Rich Lumelleau: It's not a game. For a listener who is maybe not a beginner, but is also not 60-years-old, let's say they're in their 30s or their 40s, how do they know if they're on track financially without obsessing over the numbers, whether it's how close am I to being able to retire? What are the metrics? Obviously, everybody's different, but just broadly speaking.
Mark Matson: That's a great question. The reality is that's almost an impossible question to answer. It's almost impossible because, number one, is you don't know what life circumstances you're going to have in 20 years. You have no idea what your expenses are going to be. You have no idea what health insurance is going to do. You have no idea what Social Security is going to do. You have very little idea what real inflation is going to do. It's a very murky water to swim in. To assume that, if I calculate it I need 8.5% rate of return to reach my goal at age 65. Financial planners like to play that game, but that's not a very good game to play. Another thing they will say is, count on using the 4% rule. If I have $1 million, that's going to give me $40,000 a year of income. Here's what I would say to most people. Don't ever retire. I think the idea of retirement is an outdated thing that when you have a defined benefit pension plan when you worked for GM or you worked for Ford and you were on the line for 30 years, and then you retire, I think that was a bygone age. But I think also retirement is a recipe for death. You would look at people's health, their vitality, their life tends to dramatically go down when they retire. I would try to pick a job, a career, consulting. I'd pick something that can keep you passionate until the day that you die. If you end up being a multimillionaire and you have $30 million, great, retire if you want. But if not, find something you love and don't ever stop doing it.

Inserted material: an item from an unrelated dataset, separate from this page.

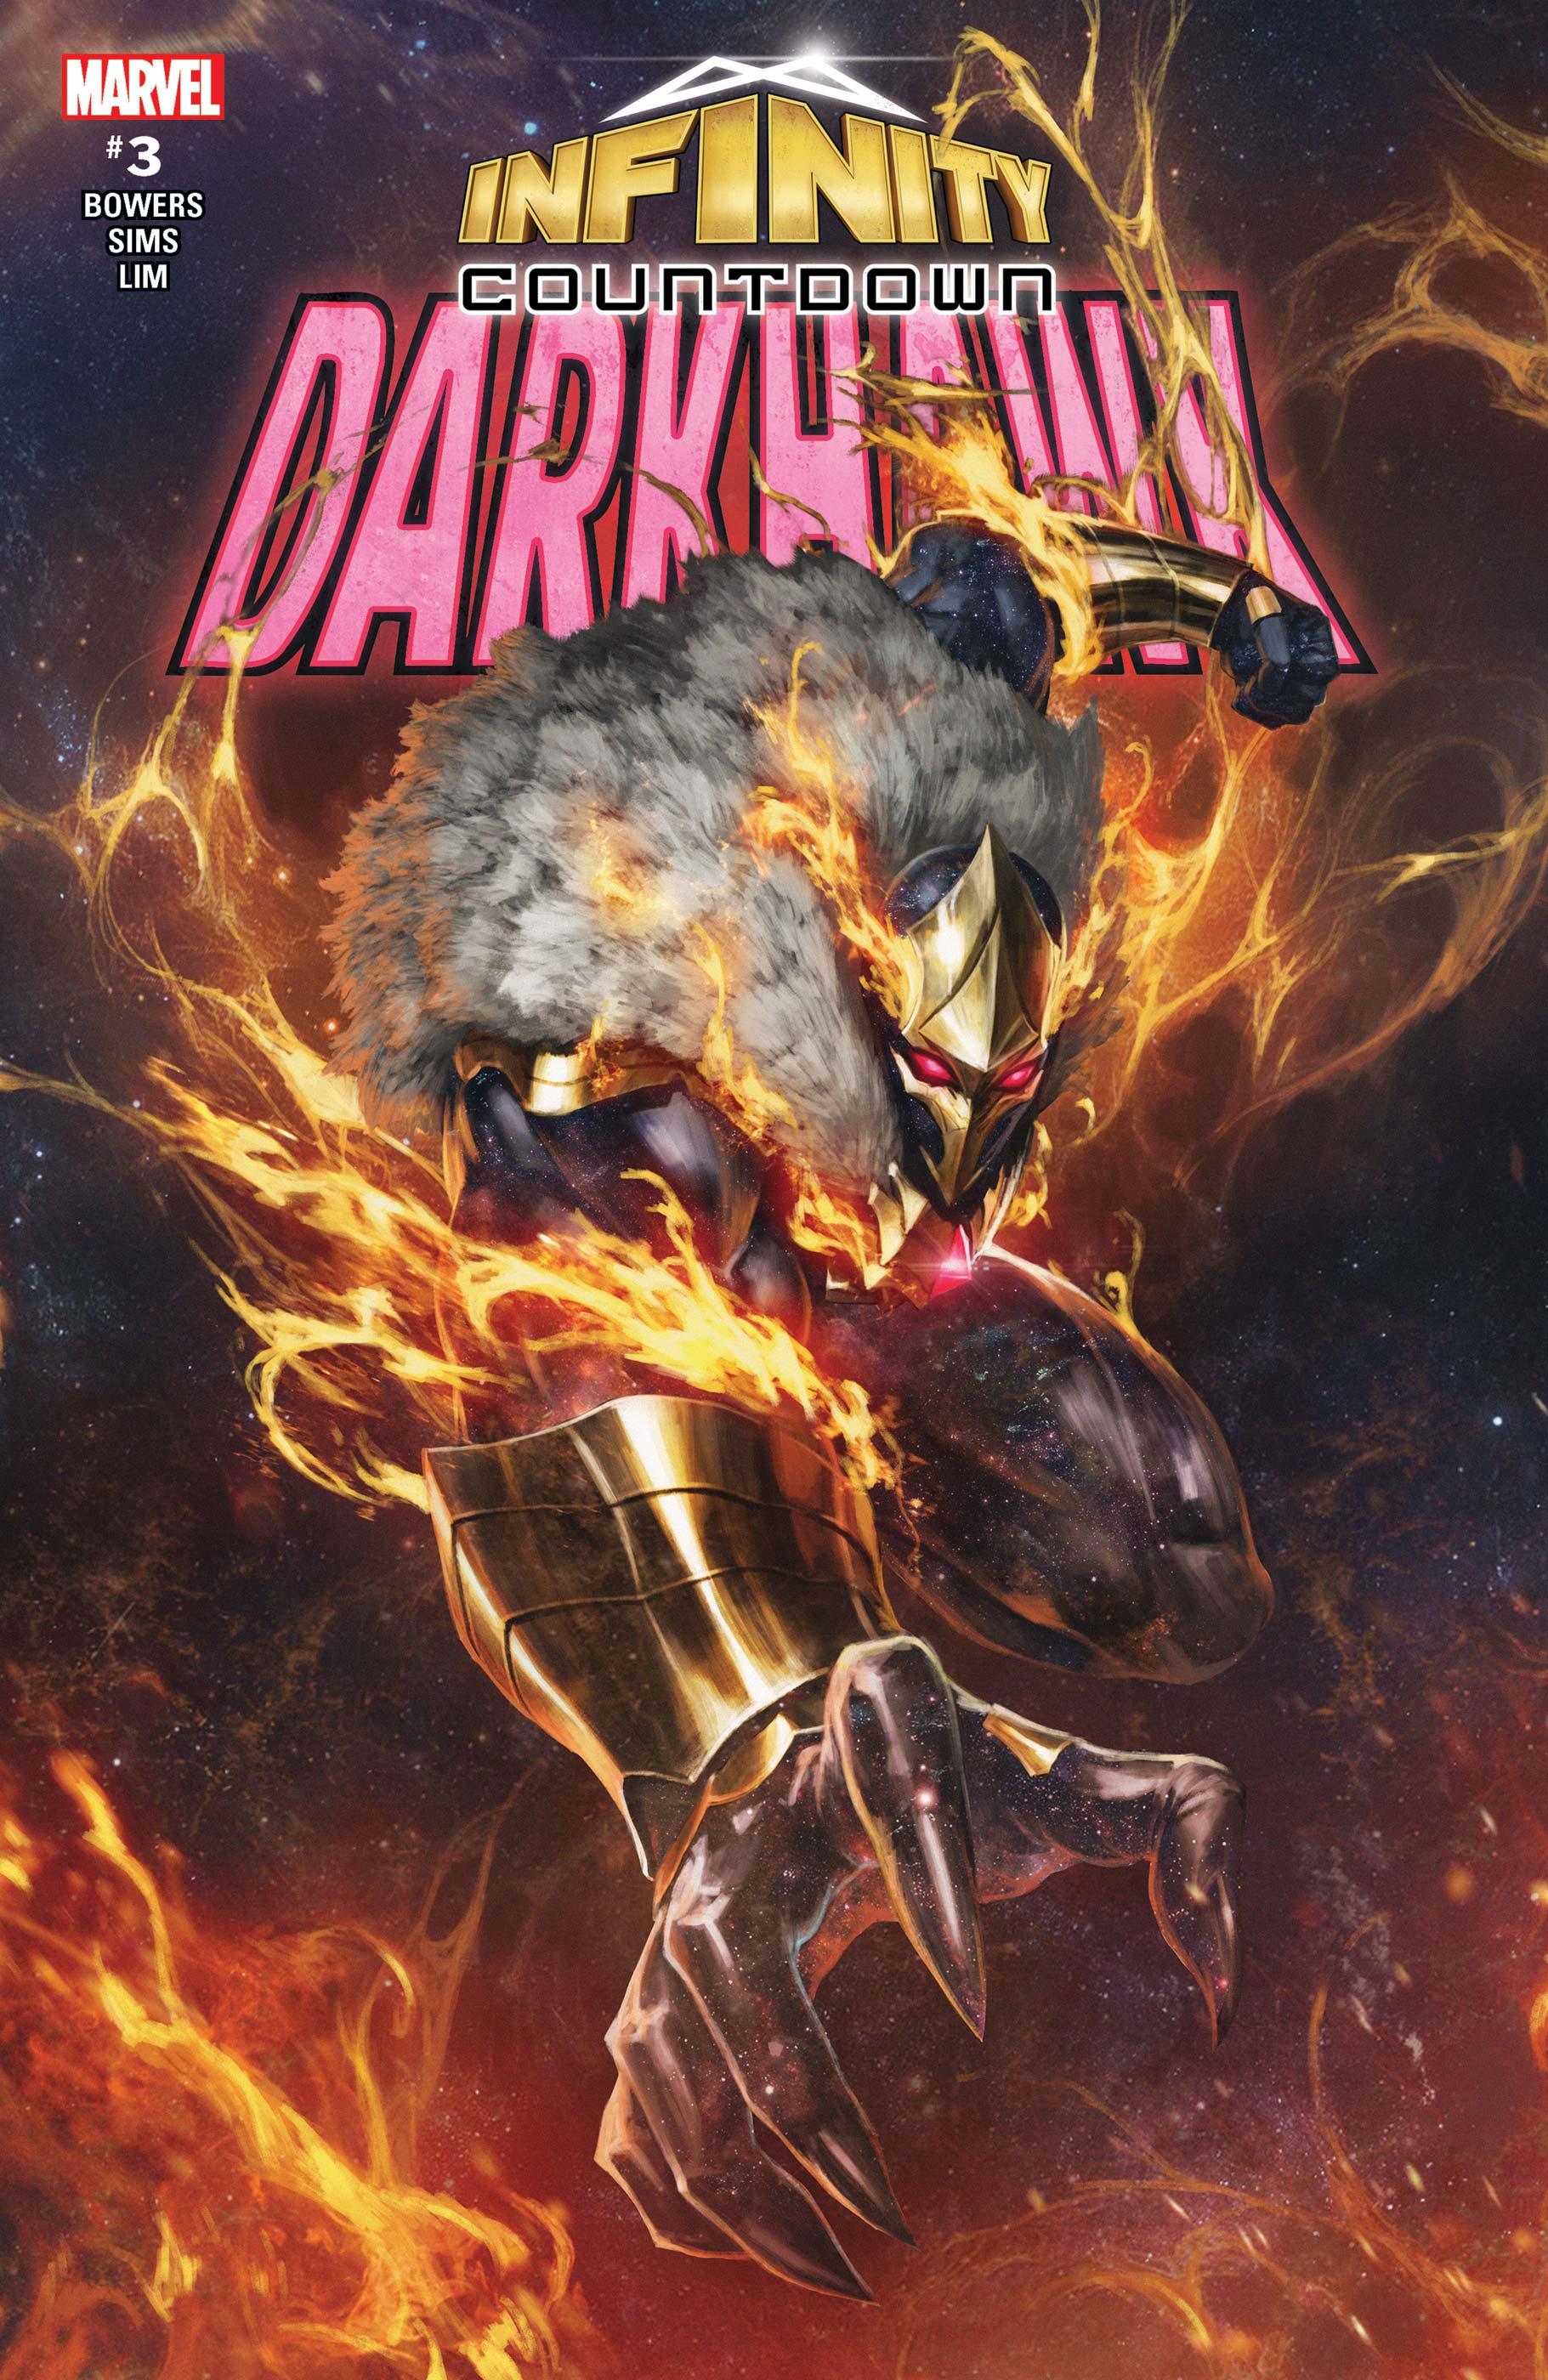 Infinity Countdown: Darkhawk (2018) #3

Rich Lumelleau: What question do you wish more people asked you about money or just asked about money? What question do you wish people were more curious about?
Mark Matson: You've asked so many great questions. I have never had that question. I have never, let me think. What do I wish they would ask me about? I wish they would ask me how to use money as a way to create fulfillment and love and connection in life because money so many times can cause jealousy, anger and resentment, even in family members. If people would focus more on how can I use money as a powerful tool to make the world a better place, that would be an awesome question, one that's worth spending a lifetime answering.

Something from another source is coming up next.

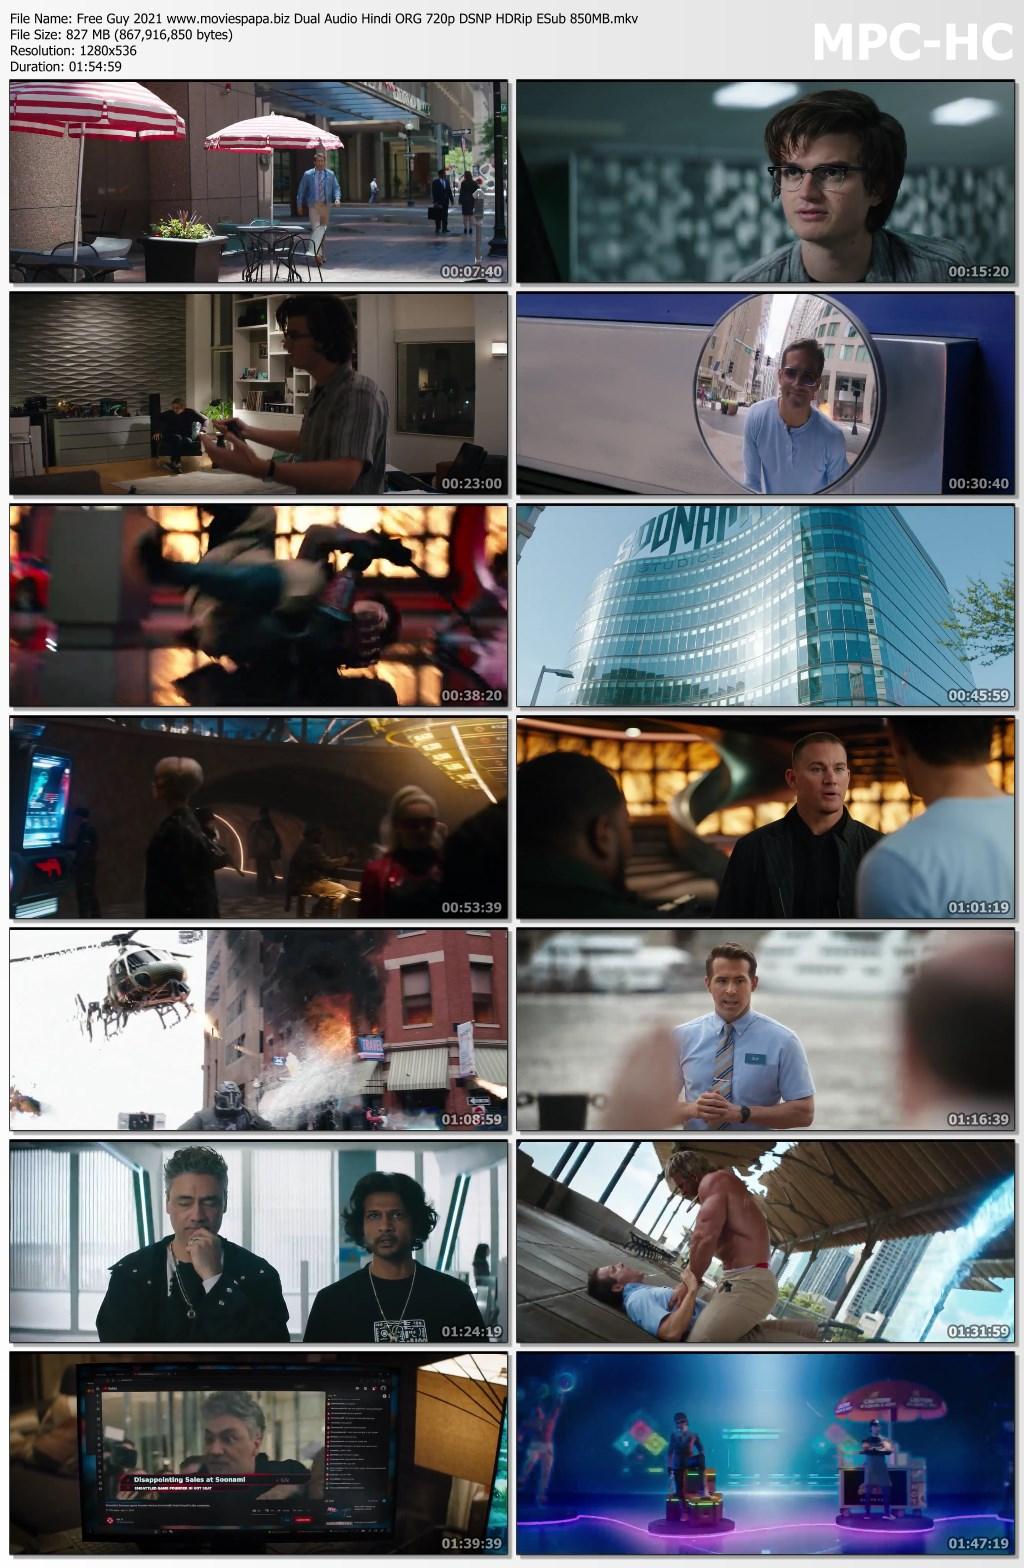 Free Guy 2021 screenshot HDMoviesFair

Rich Lumelleau: It's a great answer. Well, Mark Matson, thank you so much for the time. Obviously, as I said at the beginning, he's written a number of books that are great to read, and there's so many other mediums where you can find his work. Mark, thank you very much for coming on Motley Fool Conversations.
Mark Matson: Thanks so much. That was a blast.
Mac Greer: As always, people on the program may have interest in the stocks they talk about, and the Motley Fool may have formal recommendations for or against, so don't buy or sell stocks based solely on what you hear. All personal finance content follows Motley Fool editorial standards and is not approved by advertisers. Advertisements are sponsored content and provided for informational purposes only. To see our full advertising disclosure, please check out our show notes. For the Motley Fool Money team, I'm Mac Greer. Thanks for listening, and we will see you tomorrow.